3.    Dobson J concluded that the prescribed tax treatment under the financial arrangement rules overrides any accounting treatment adopted by Sovereign.  The prospect of treating money flows differently for financial reporting and accounting purposes was recognized by the Court of Appeal in both CIR v National Bank of New Zealand (1976) 2 NZTC 61,150 and CIR v Farmers Trading Company Ltd (1982) 5 NZTC 61,200 to the effect that accounting principles should apply “except so far as the statutory provisions require otherwise”.

His Honor noted the following:

a.    Effecting the purpose of the Income Tax Acts may require treatment of money flows in a manner that is different from presentation of those items in a manner intended to optimise the true and fair view of the financial state of the reporting entity;
 
b.    The statutory terms of the accrual rules remained constant throughout the years to which the relevant assessments relate, but the accounting standards relied on were changed.  It would be obtuse to adopt accounting standards that might produce different results in different years, when the accrual rules, if they applied, ought to require consistent results; and
 
c.    The requirement for consistency of treatment of transactions for the purpose of financial reporting is important because of the need for constant measures, especially in comparisons from one accounting period to another.  That consideration does not arise when deconstructing a larger arrangement for the purposes of applying the accruals rules.
 
4.    Whether or not a component of a financial arrangement is an excepted financial arrangement needs to be considered in terms of the statutory definition of the particular arrangement, if there is one, or if not, the definition of the concept applying more generally at common law should be used.  In this case, there is no definition of “contract of insurance” in the Act, so the common law definition applied.  Dobson J found that at some point the conversion of risk had lapsed to a point where it was no longer significant.  
 
5.    The underlying components of the financial arrangement may be income under ordinary concepts.  For example, a sale of revenue account property for a deferred consideration would give rise to tax implications in terms of both the financial arrangements rules and under general tax provisions.  However, that did not apply in this case, as the receipt of the commissions and the repayment thereof without a deferral would have merely amounted to a swap with no general tax consequences.
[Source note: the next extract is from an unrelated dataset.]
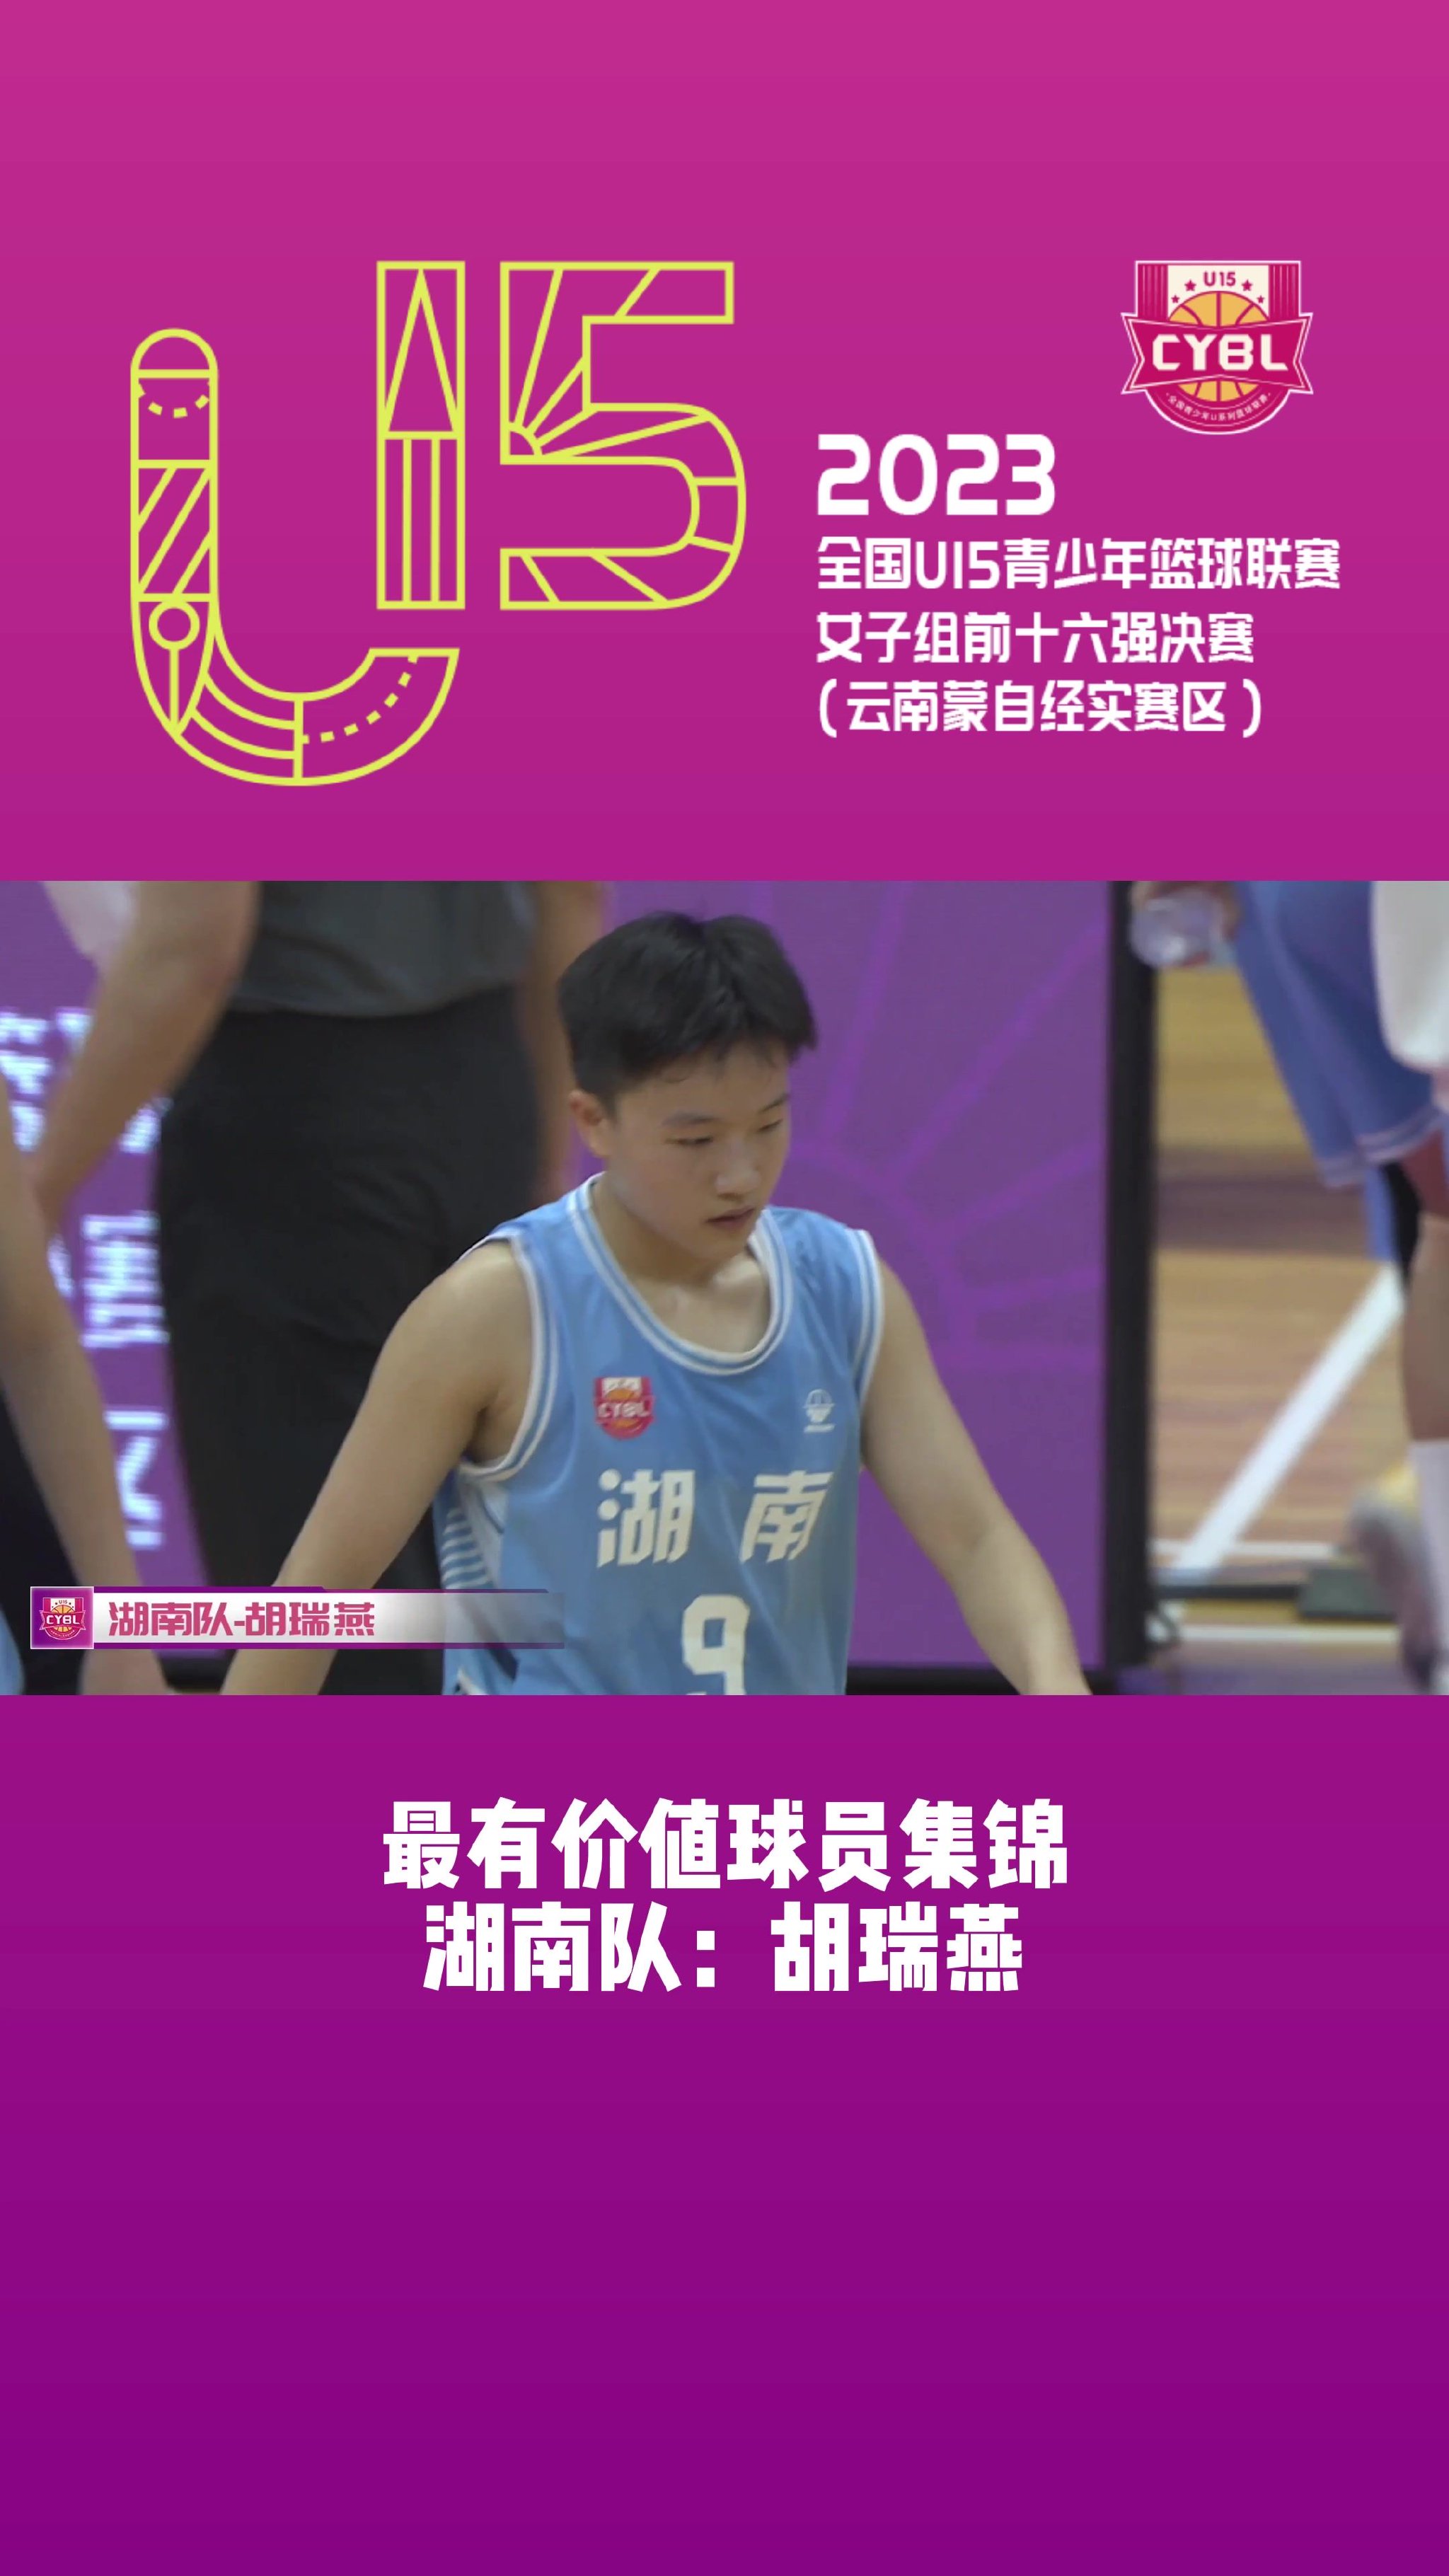 里突外投！来看U15青少年篮球联赛女子组决赛MVP胡瑞燕集锦

It is not surprising that this decision has been appealed.  The foundation for the decision that the commission element of the arrangement was a financial arrangement (i.e. that it was not an insurance arrangement) ignores the fact that the same part of the arrangement was happily treated as an insurance arrangement initially due to lapse risk.  As there was very little, if any, lapse risk towards the end of the arrangement, Inland Revenue claimed that the arrangement was no longer an insurance contract.  This begs the question as to how an arrangement can start life as an insurance arrangement and then, when the risk diminishes; it is no longer an insurance arrangement. 

The wider outcome of the case only gives rise to a timing issue, as the correct tax position is reached in the long term.  One may argue that the reason this case has been actively pursued by Inland Revenue because of the factual circumstances of this case; that is, the shareholding change that limited loses.  If there had not been a shareholding change, I question whether Inland Revenue would have pursued this case.